Holistic detection (tracking face, eye and hand) with an excel output
- detect the face, eye, posture and hands using mediapipe holisitic
- capture and save all the static picture with trackings frame-by-frame
- export an csv file with all the x, y, z coordinate of each region frame-by-frame
- face_eye_hand_detection_excel.py --> The main python script
- Yourvideo.csv --> An example of the export csv file
Before running the script
- Anaconda prompt
- conda create -n mediapipe python=3.8
- conda activate mediapipe
Install these dependencies (mediapipe, opencv, numpy, pandas):
pip install mediapipe
pip install opencv-python
pip install numpy
pip install pandas
python face_eye_hand_detection_excle.py
note: this script can only run for one video. For more videos, it should be written in loop
VIDEO_PATH = "Yourvideo.mp4" change video name in the current path
path_image = "Yourvideo" create a folder to put the ouput images in the current patch
outputfile_csv = "Yourvideo.csv" create a csv file to store the ouptut values
- A screenshot of the static picture with face, eye and hand tracking
- On the left top corner, it shows the fps of current frame
- If anything covers the face, the estimate tracking of the face and eye might not be that accurate
- x and y: Landmark coordinates normalized to [0.0, 1.0] by the image width and height respectively.

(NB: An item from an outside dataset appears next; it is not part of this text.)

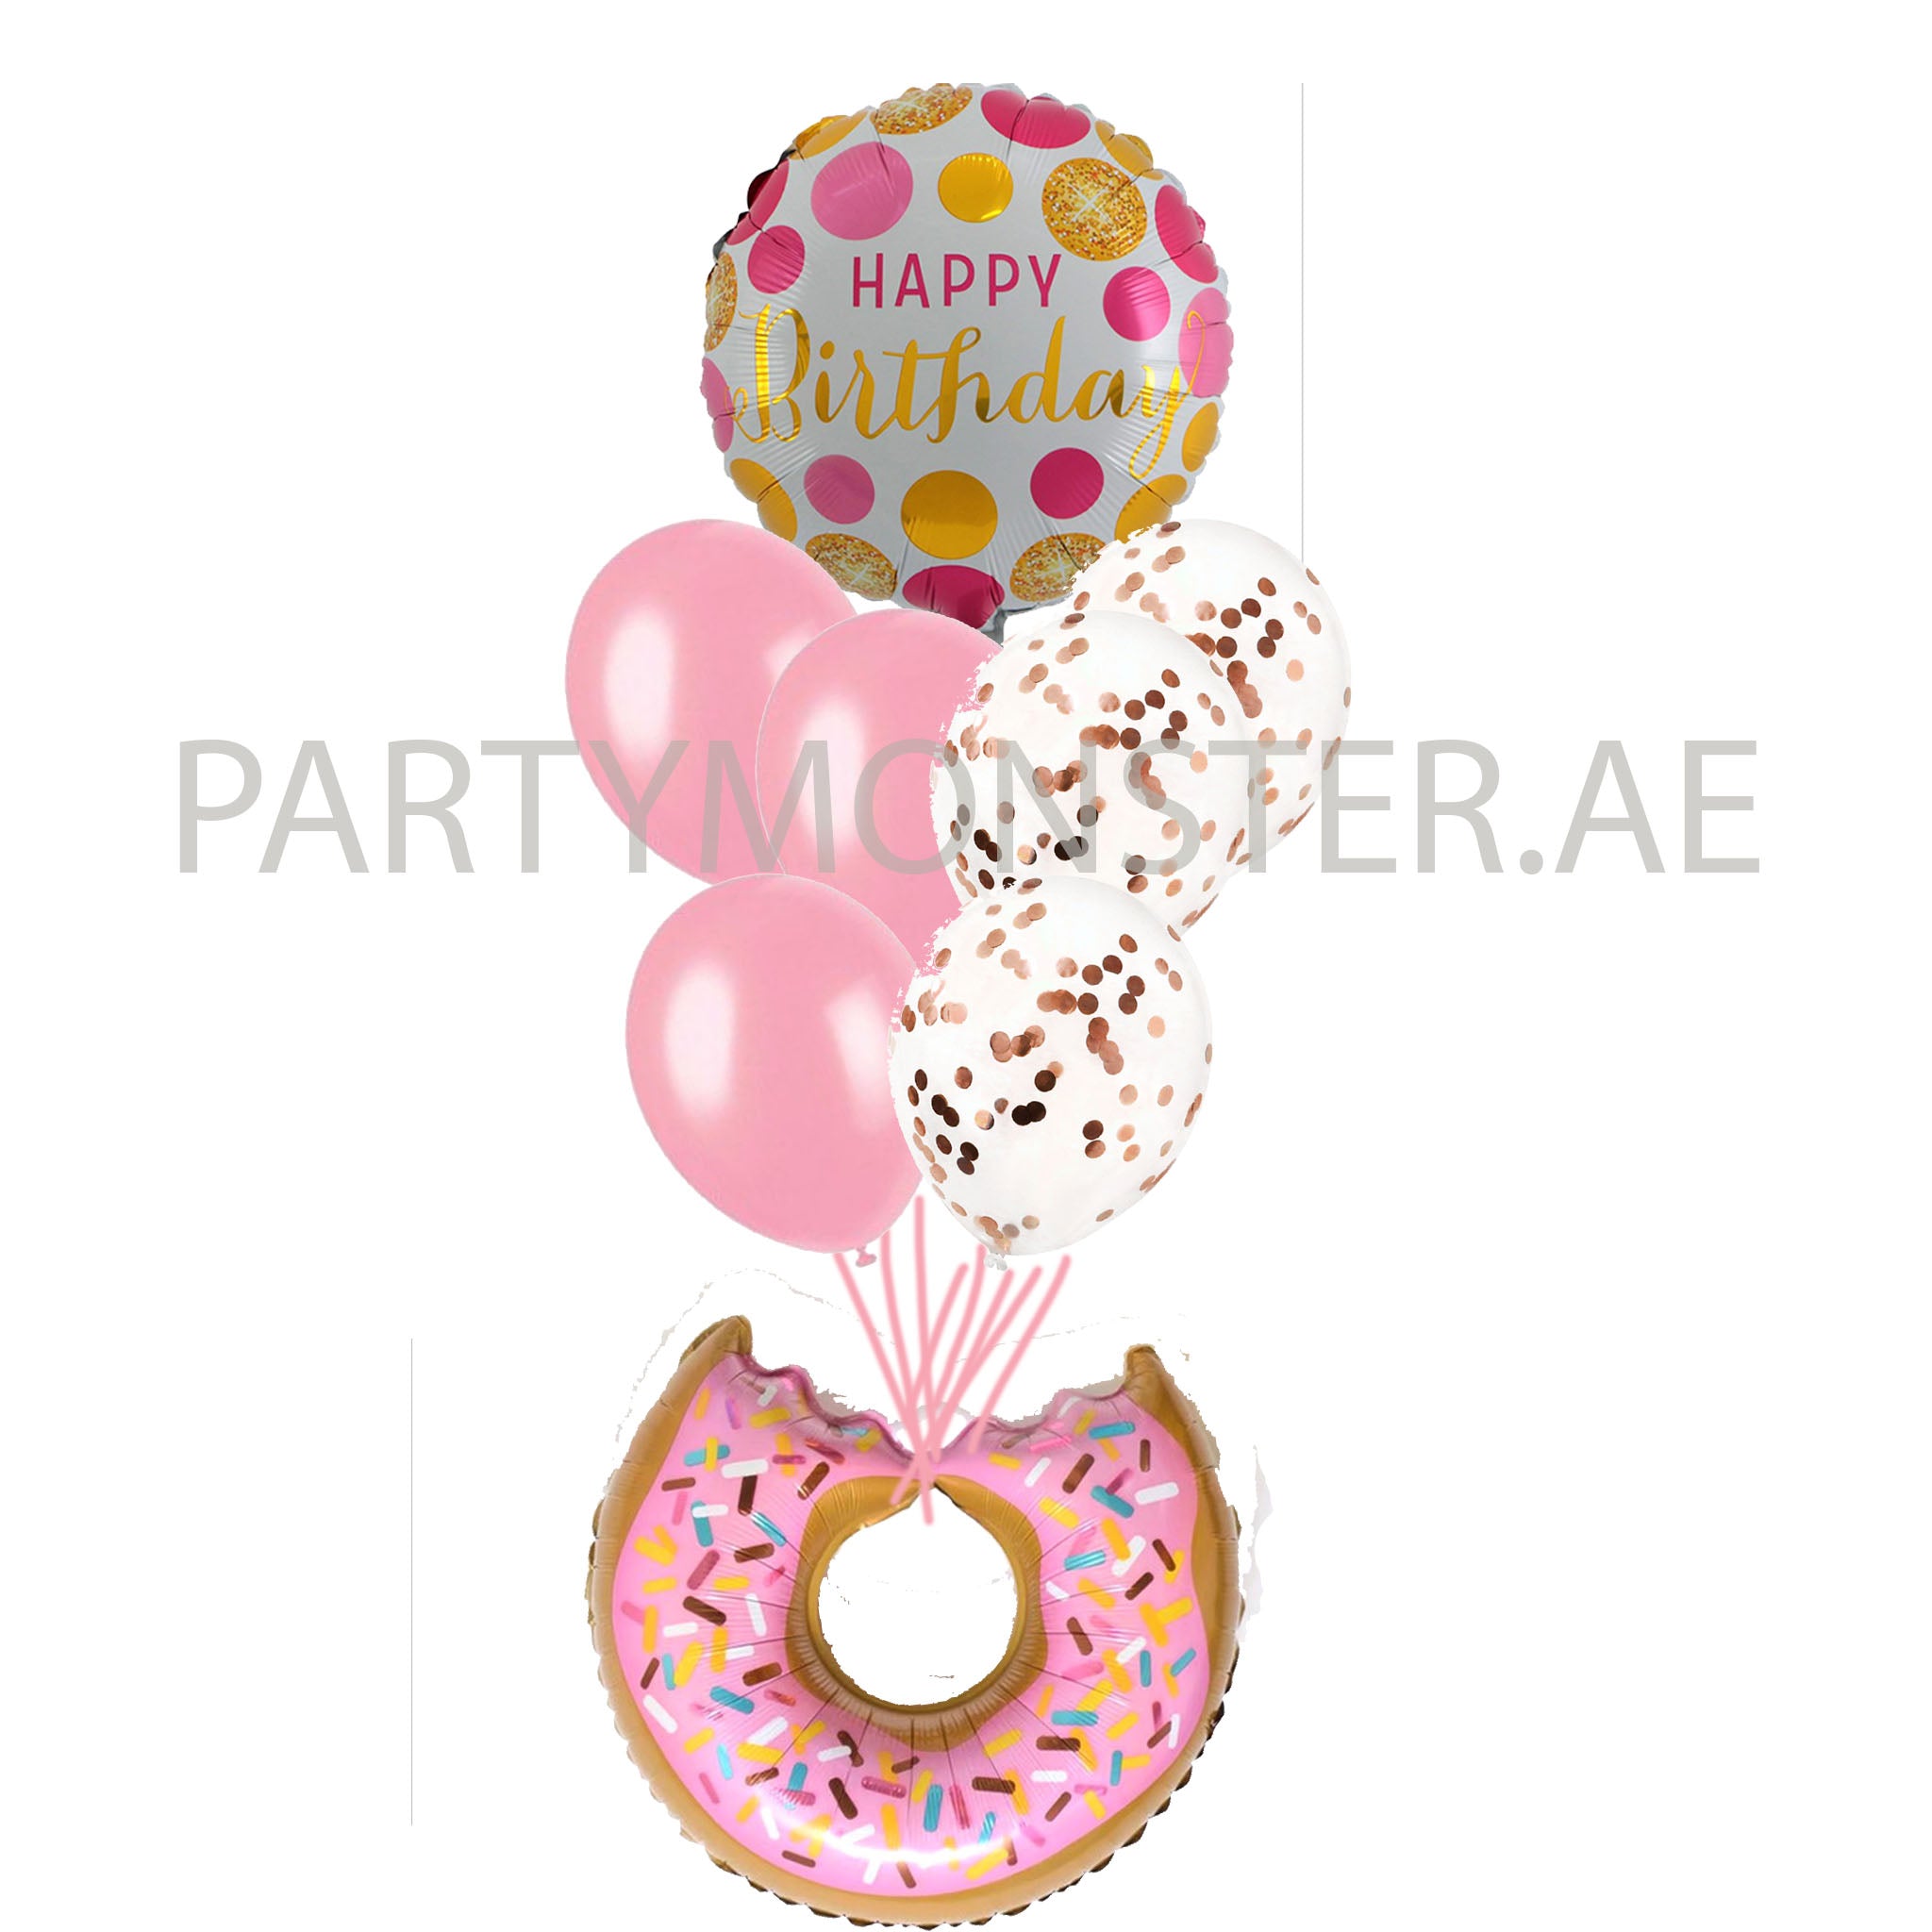 Donut birthday bouquet 01 - PartyMonster.ae

- z: Should be discarded as currently the model is not fully trained to predict depth, but this is something on the roadmap.
- visibility: A value in [0.0, 1.0] indicating the likelihood of the landmark being visible (present and not occluded) in the image.
- A list of 468 face landmarks. Each landmark consists of x, y and z. x and y are normalized to [0.0, 1.0] by the image width and height respectively.
- z represents the landmark depth with the depth at center of the head being the origin, and the smaller the value the closer the landmark is to the camera. The magnitude of z uses roughly the same scale as x.
- A list of 21 hand landmarks on the left hand. Each landmark consists of x, y and z. x and y are normalized to [0.0, 1.0] by the image width and height respectively.
- z represents the landmark depth with the depth at the wrist being the origin, and the smaller the value the closer the landmark is to the camera. The magnitude of z uses roughly the same scale as x.